XG: I think that goes hand in hand with the question of being a woman. Unfortunately, looks are a factor in many fields, especially with women. Things are starting to become more fair though overall and skill outweighs looks in many cases.

ASL365: Do you think there should be a “Women-Only” festival line up, if so why is it important? 

XG: On one hand it is important because most (if not all) festivals right now have a lot more men than women as part of their line up so it would definitely help to showcase and support a lot of women who don’t get a chance to be in almost any festivals right now. On the other hand, it feeds into the separation of genders again. For me, all festivals generally speaking should make an effort to have a balanced line up.

ASL365: Do you ever receive criticism and if so, how would you normally deal with it?

XG: Any criticism I receive I take constructively as much as possible. Everyone is entitled to their opinion just the way I am entitled to my own.
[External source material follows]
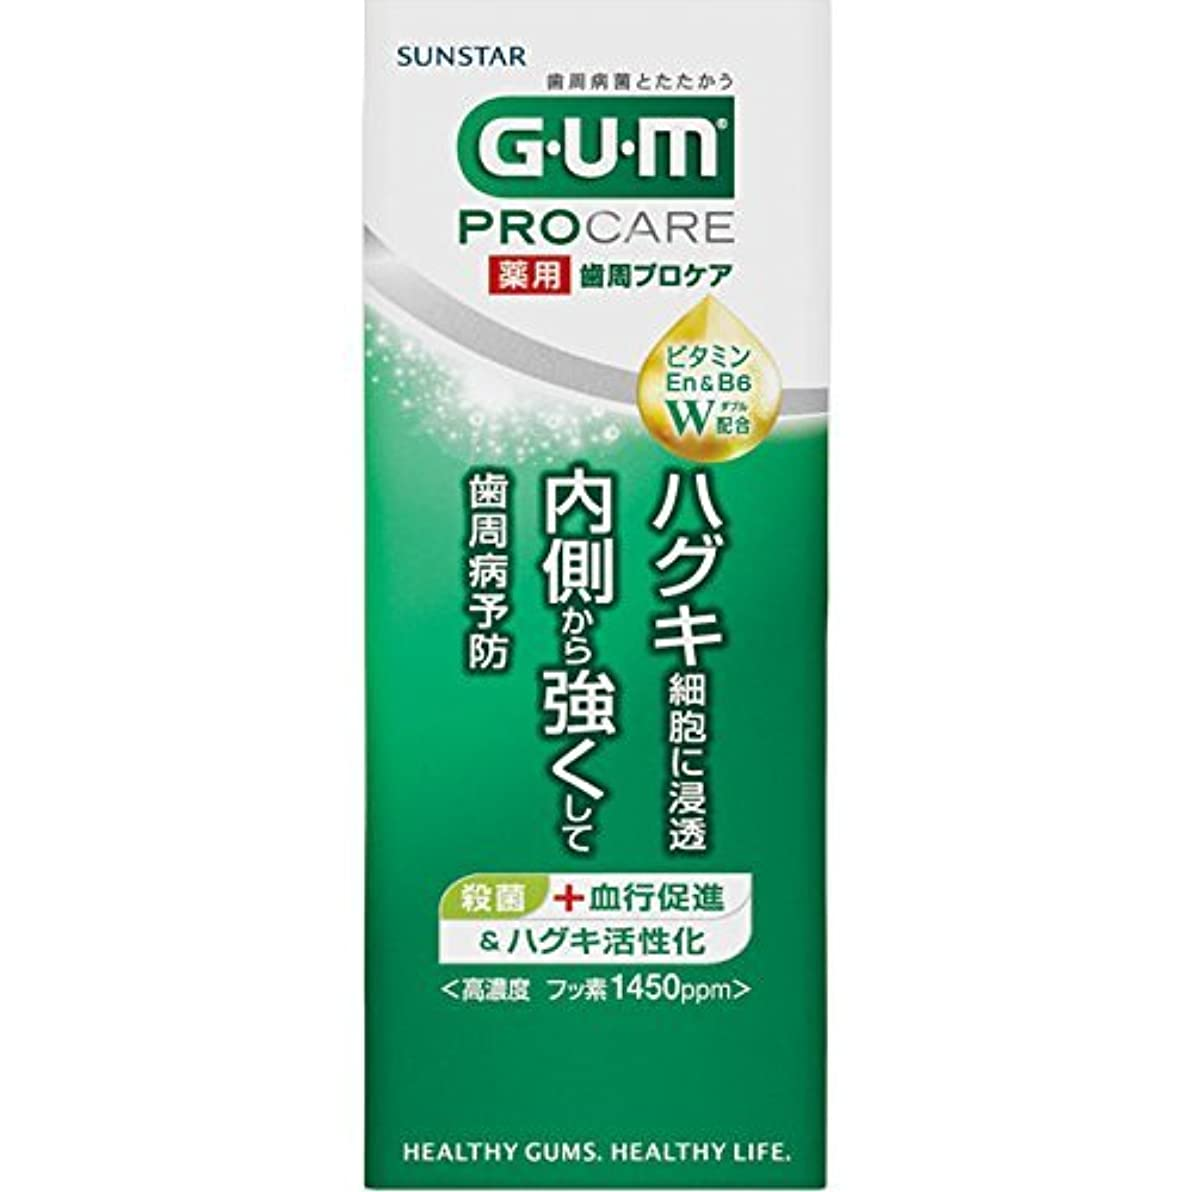 限界うまれた幸運な[医薬部外品] GUM(ガム) 歯周プロケア 歯みがき 50g <歯周病予防 ハグキケア 高濃度フッ素配合1,450ppm>

As long as someone doesn’t offend me then I am happy to receive any criticism

ASL365: Any advice for young women who want to get into electronic music?

XG: Always keep in mind that music is an art and that means gender is not an issue that should be a factor to if you can make it or not. Believe in yourself and never take no as an answer

ASL365: What are the plans for the rest of the year?

XG: I am in the studio writing and producing as much new music as possible! Hopefully with everything that is happening with the Coronavirus, I can also be back on track with my summer tour which will be announced soon!